This time dissents at the domestic level. Here's a question from the Panel in the U.S. - Tyres Safeguards (DS399) WTO dispute:
Q8. What weight, if any, should the Panel give to the fact that there were two dissenting opinions within the USITC on causation?
As background, there are six ITC commissioners, and four voted affirmative, while two voted negative, in the tires case.
Here was the U.S. response to the question:
32. The Panel should give no weight to the fact that there were two dissenting Commissioners on the issue of causation. The separate views of any dissenting Commissioner are not part of the determination of the ITC majority that market disruption exists. It is the determination of the majority of Commissioners that forms the legally operative determination of the ITC, and the determination in front of this Panel. Accordingly, the United States submits that the dissenting views are not of legal consequence and, therefore, not pertinent to the Panel’s consideration of whether the determination of the ITC is consistent with the U.S. obligations under paragraph 16 of the Protocol of Accession.

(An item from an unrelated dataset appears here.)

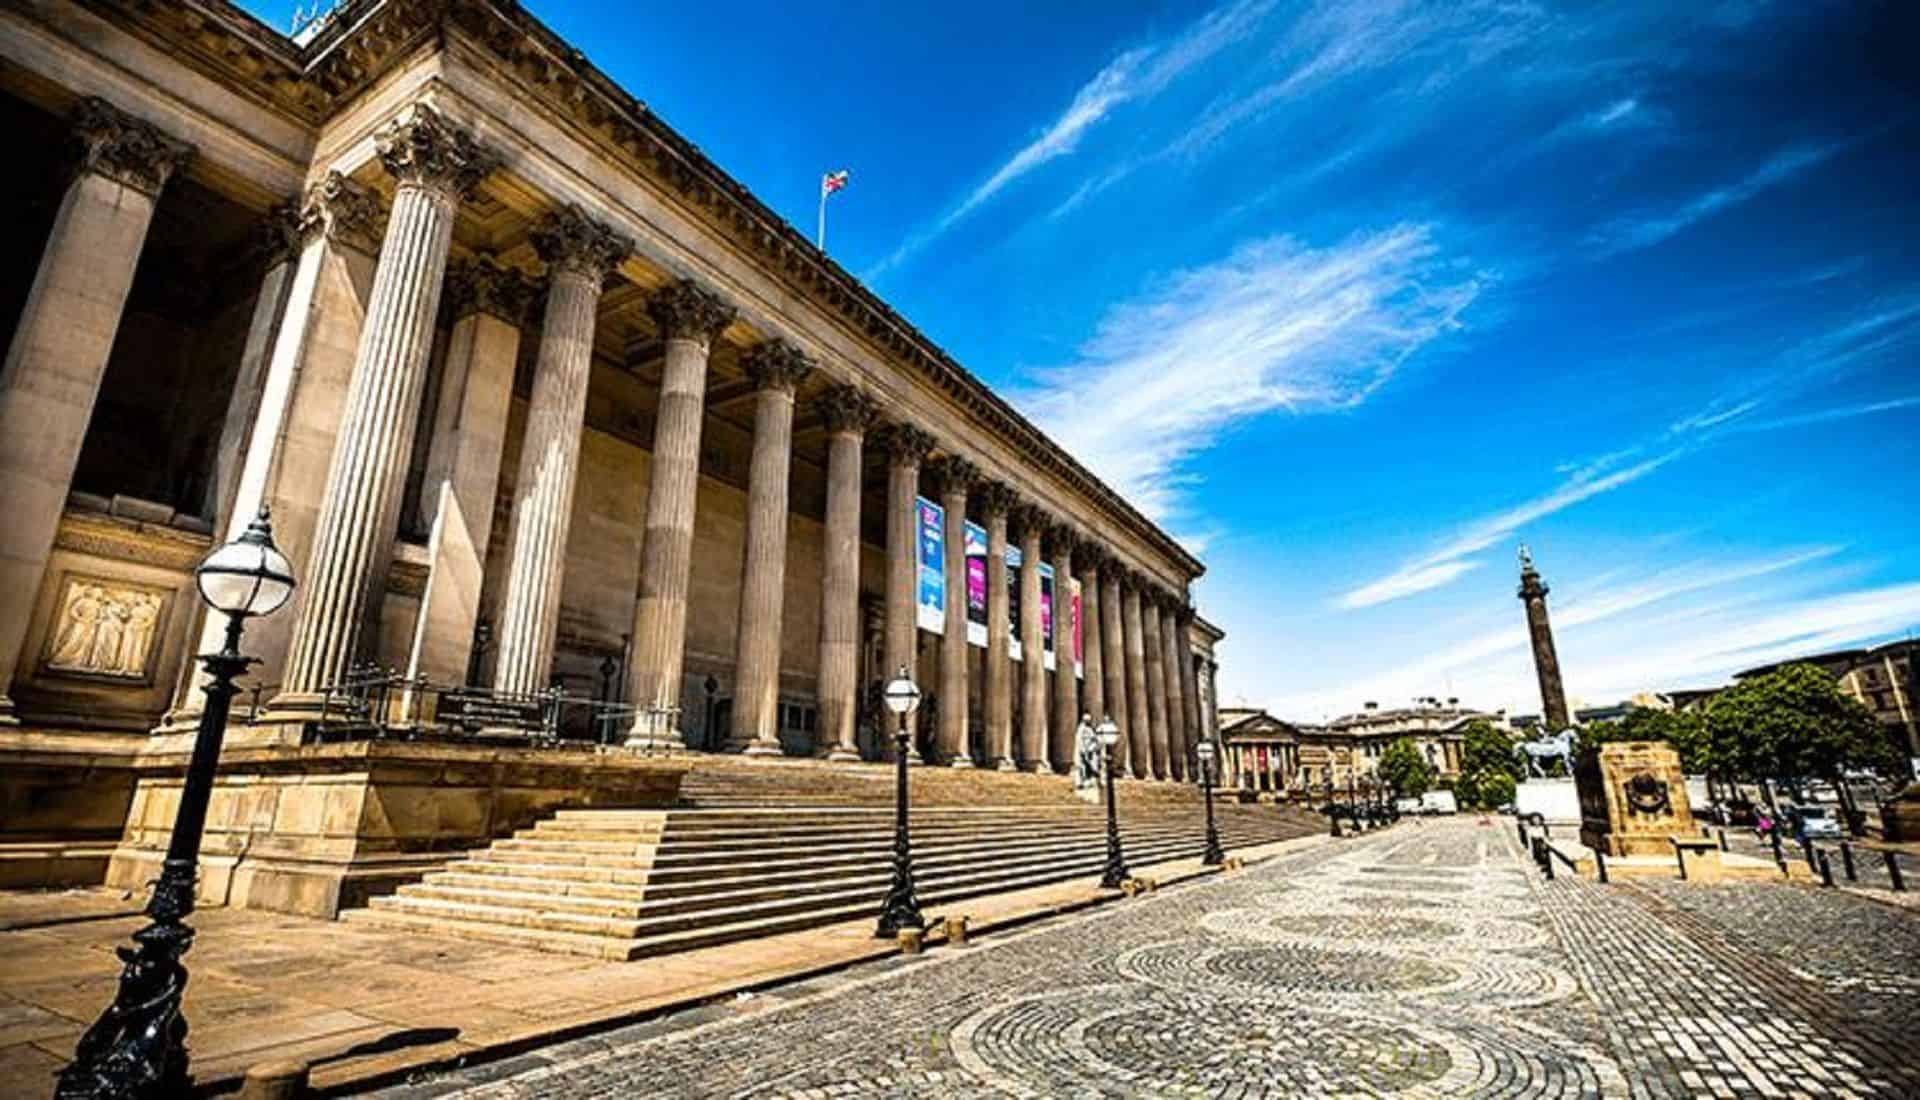 St George's Hall Liverpool in UK

33. We note in this regard that the Appellate Body has stated that WTO Members have considerable latitude in structuring the internal decision-making process of their competent authorities. The Appellate Body explained:
[W]e are not concerned with how the competent authorities of WTO Members reach their determinations in applying safeguard measures. The Agreement on Safeguards does not prescribe the internal decision-making process for making such a determination. That is entirely up to WTO Members in the exercise of their sovereignty. We are concerned only with the determination itself, which is a singular act for which a WTO Member may be accountable in WTO dispute settlement.44
34. The same reasoning applies to decisions under paragraph 16 of the Protocol of Accession. The Protocol also does not prescribe the internal decision-making process for making determinations of market disruption. Therefore, the Panel should address only the determination of the ITC, not the dissenting views.

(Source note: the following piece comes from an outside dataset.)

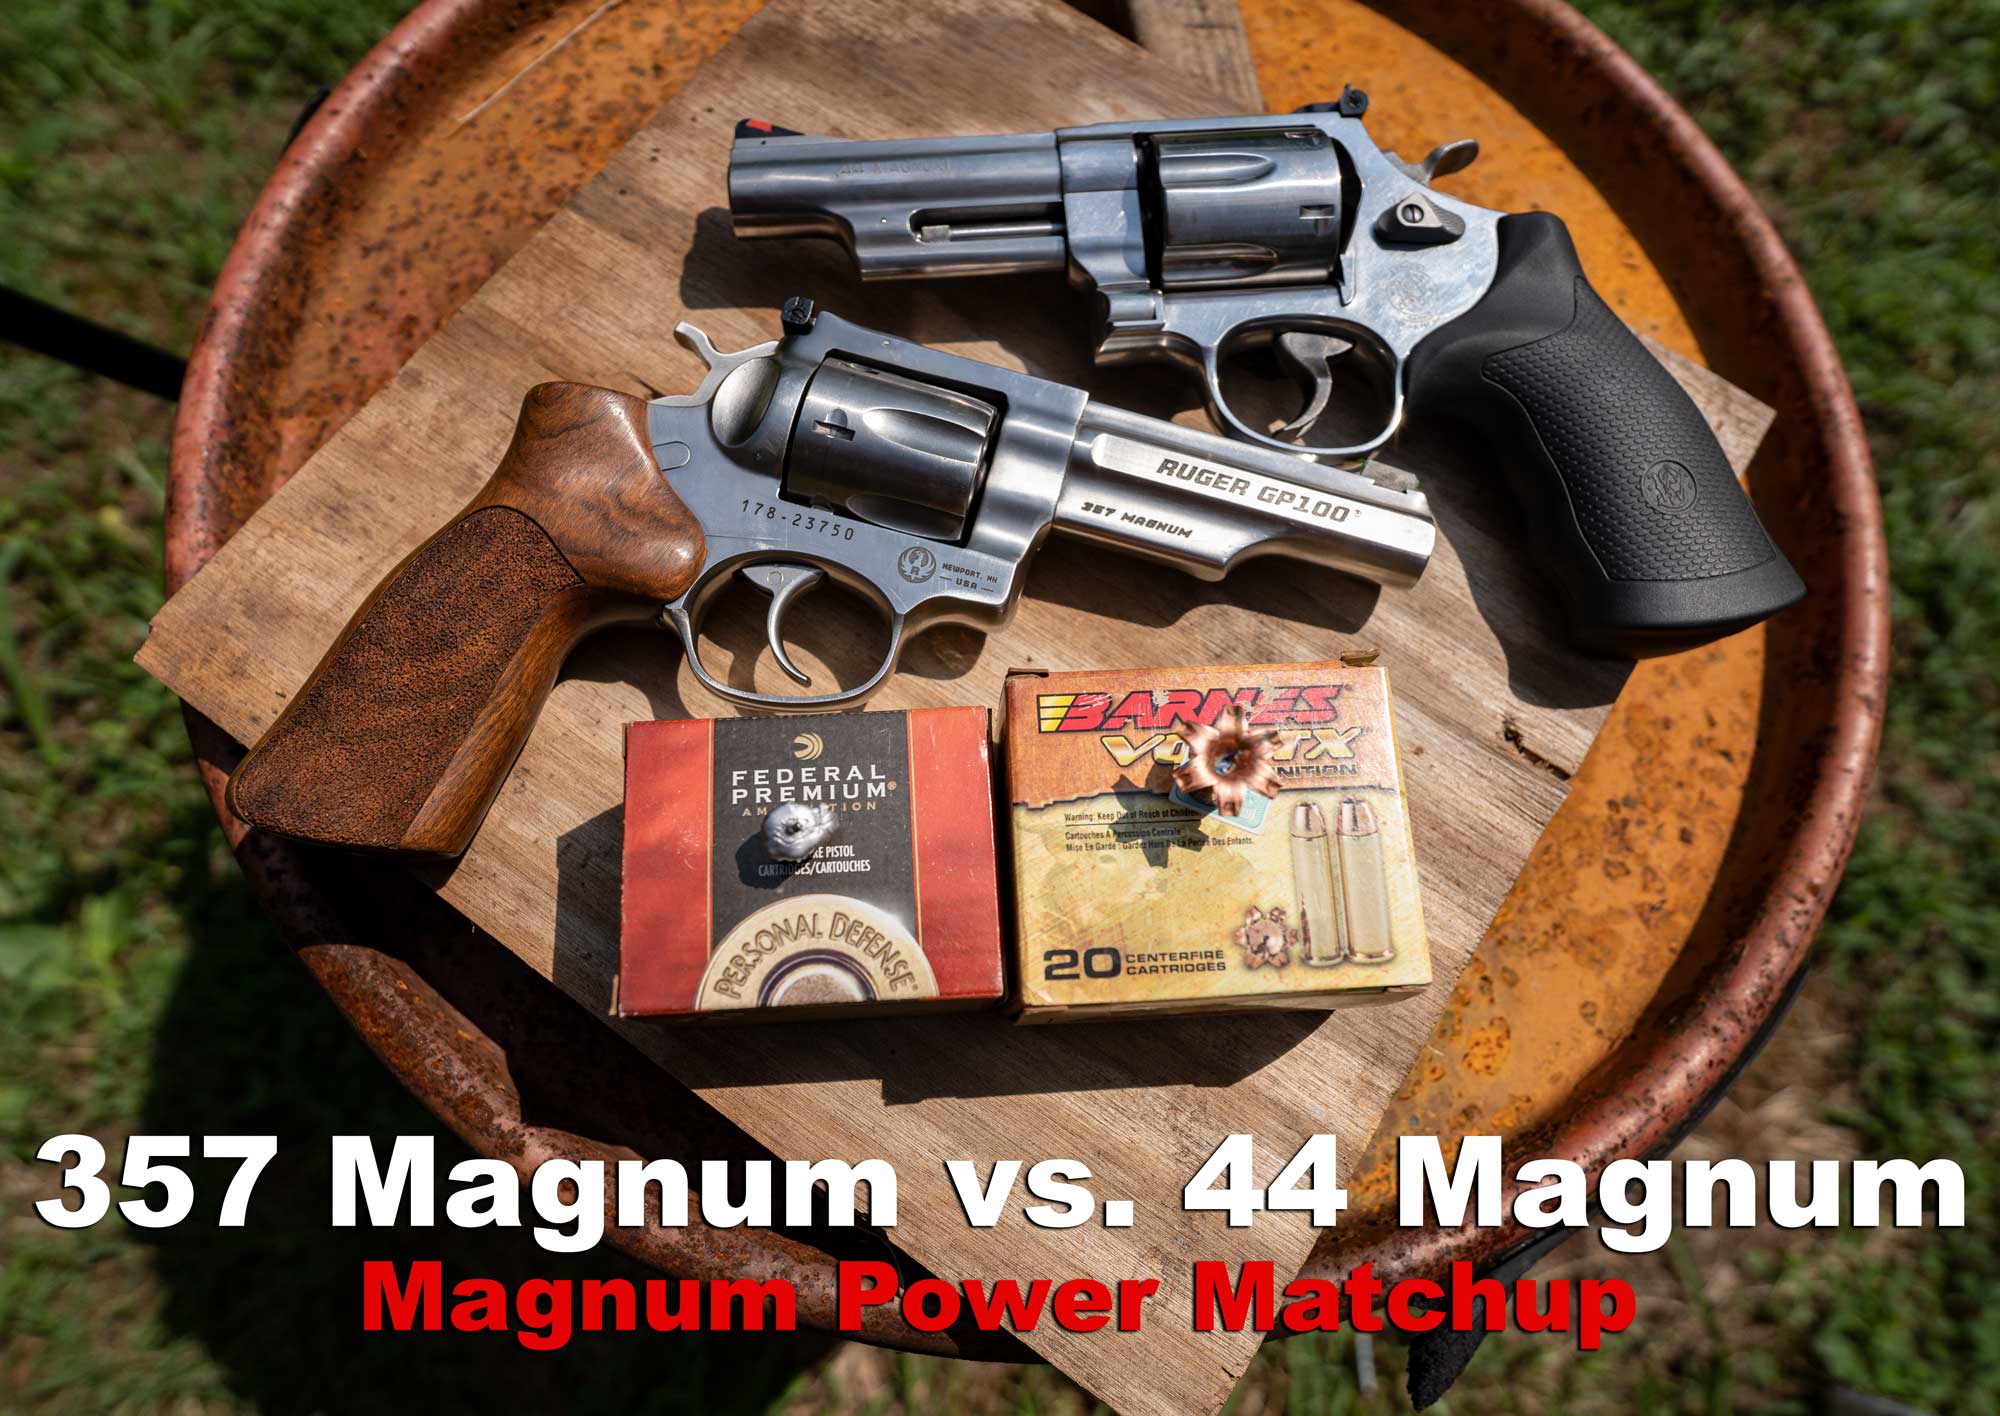 357 magnum vs 44 magnum revolvers side by side with ammo

35. Finally, the United States notes that China has cited the views of the dissenting Commissioners throughout its written submission on a number of issues. Although the majority and dissenting Commissioners may have come to different conclusions on certain issues, the fact that the majority and dissenting Commissioners both addressed these issues in detail only underscores that the Commission as a whole addressed the circumstances of the tires market in detail, and gave serious consideration to the arguments made by all parties before the Commission, including those parties who opposed any remedy.
The U.S. response seems right to me. Here's a harder question, though. Where the Commission vote is divided evenly (and thus there's no "majority" view), the determination is deemed to be affirmative. See 19 U.S.C. §1677(11). How would this situation be dealt with under WTO rules?